Case Report: A 72-year-old Japanese female presented with edema in both legs. Enhanced computed tomography scan of the abdomen revealed a heterogeneous tumor measuring 10×11×15 cm, which exerted pressure on the inferior vena cava. We preoperatively diagnosed the tumor as leiomyosarcoma in the middle region of the inferior vena cava. During resection of the tumor, the right and left renal veins and inferior vena cava were clamped for 32 minutes. A 90-mm elliptical resection was taken from the inferior vena cava and replaced with a 20-mm straight vascular graft. Pathological examination indicated leiomyosarcoma of the inferior vena cava and liver metastasis. The patient was put on anticoagulant drugs and discharged on the 14th postoperative day.
Conclusion: We report a rare case of giant leiomyosarcoma of the inferior vena cava with liver metastasis.

Keywords: Inferior vena cava, Leiomyosarcoma, Liver metastasis


Introduction

Primary leiomyosarcoma of vascular origin is a rare tumor that arises most commonly from the inferior vena cava (IVC). Less than 200 cases of IVC leiomyosarcoma have been reported since 1871 [1]. Leiomyosarcomas generally originate from the smooth muscles and are malignant with a slow growth pattern.

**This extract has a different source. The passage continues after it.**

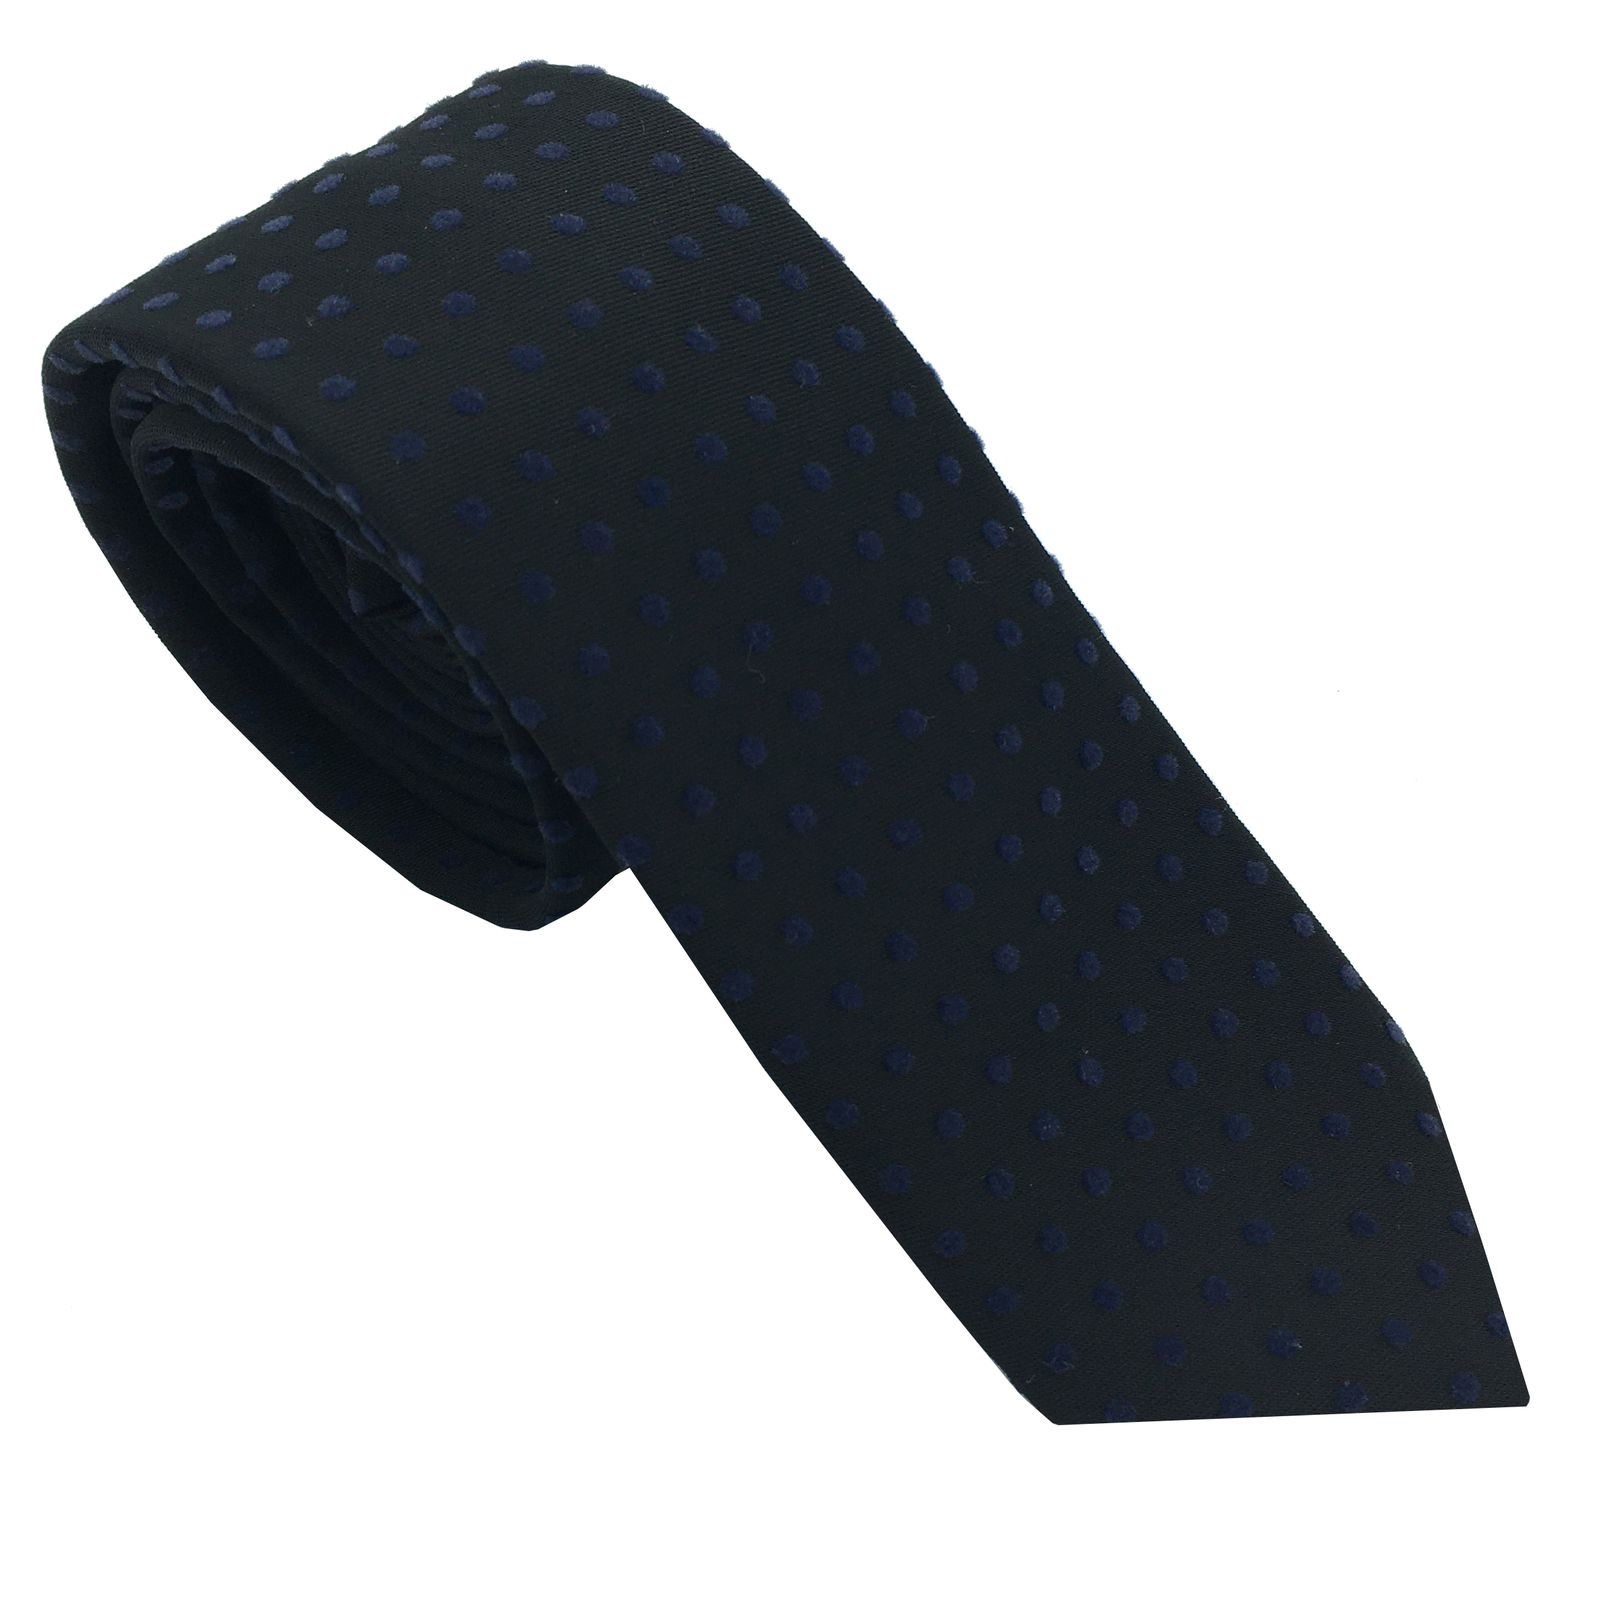  کراوات مردانه هکس ایران مدل KT-BK NQT -  - 1

There are no definitive symptoms, but typical symptoms include abdominal or back pain and edema in leg [2]. The recommended treatment is surgical resection. There is no evidence of long-term survival benefit from chemotherapy and radiation therapy.

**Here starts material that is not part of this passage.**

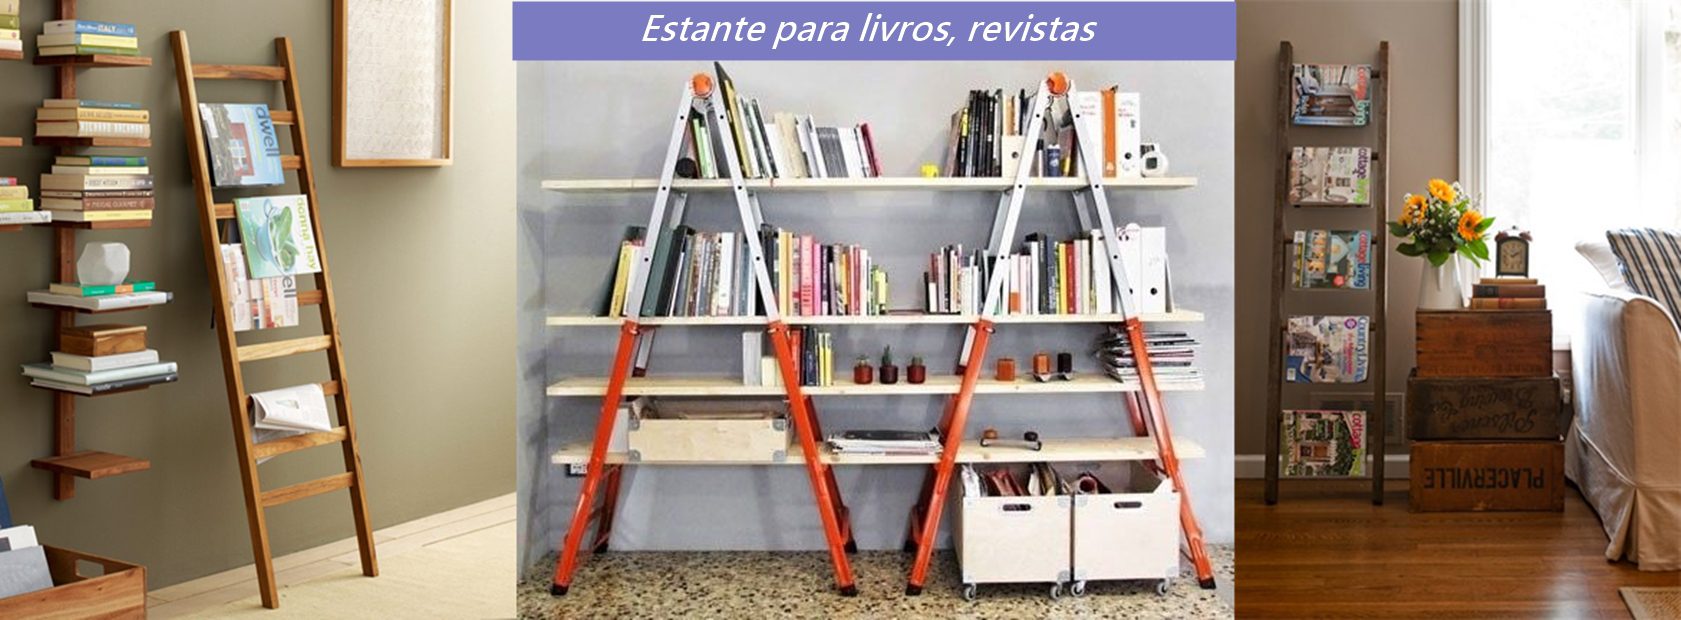 escadas como suporte de livros revistas

This report describes a rare case of resection of giant leiomyosarcoma of IVC with liver metastasis.


Case Report

A 72-year-old Japanese female was admitted to our hospital with treatment-resistant edema in both legs. She had been prescribed diuretic drugs two months earlier at another clinic. On physical examination, abdominal palpation showed that a fist-sized mass in the right upper quadrant was hard. She had had a benign ovarian tumor and received an operation when she was 42 years old. A laboratory examination was normal. Tumor markers were normal. Enhanced computed tomography scan of abdomen revealed a heterogeneous tumor, measuring 10×11×15 cm, which exerted pressure on inferior vena cava (Figure 1A). Magnetic resonance imaging scan of this tumor revealed contrasting weak high intensity on the T1-weighted image and weak high intensity on the T2-weighted image (Figure 1B). There was no metastasis. Abdominal angiography showed that the tumor was connected by branch vessels to the three feeding arteries, the proper hepatic, superior mesenteric and lumbar arteries. GIST or lymphoma thinks as a differential diagnosis. These diseases do not infiltrate the blood vessel. The tumor was diagnosed as a leiomyosarcoma in the middle region of IVC, because this tumor was connected with inferior vena cava revealed hypervascular.

A laparotomy was performed in the left lateral decubitus position. The tumor adhered to the gallbladder, liver and duodenum. First of all, we resected the gallbladder. We chose fractional excision of the mass from the IVC (Figure 2A) because of the size of the leiomyosarcoma. The proper hepatic, superior mesenteric and lumbar arteries were ligated. The tumor grew from the IVC, extending 5 cm above the renal vein. The right and left renal veins and IVC were clamped for 32 minutes. A 90 mm elliptical resection was taken from IVC and replaced with a 20-mm straight vascular graft (Figure 2B). A hepatic metastasis at the right lobe of the liver (Segment 6) measuring 2 cm was revealed and was resected (Figure 2C). Operative time was 375 minutes. The postoperative recovery was uneventful. The patient was put on anticoagulant drugs and discharged on the 14th postoperative day. In an examination of the resected specimen, a 15×17×11 cm primary tumor (Figure 3A) arose from the IVC (Figure 3B). Microscopically, the primary tumor and liver metastasis measuring 1.5 cm consisted of spindle cells with hypercellularity (Figure 4A). Immunohistochemical examination revealed that the tumor cells were positive for a- smooth muscle actin, desmin, vimentin and caldesmon and negative for c-kit, CD34, S-100, estrogen receptor, progesterone receptor, and CAM5.2 (Figure 4B). Elastica van Gieson staining showed the tumor was connected with the internal elastic membrane of IVC (Figure 4C). The Ki-67 proliferation index of the tumor was 40%. Pathological diagnosis was leiomyosarcoma of inferior vena cava.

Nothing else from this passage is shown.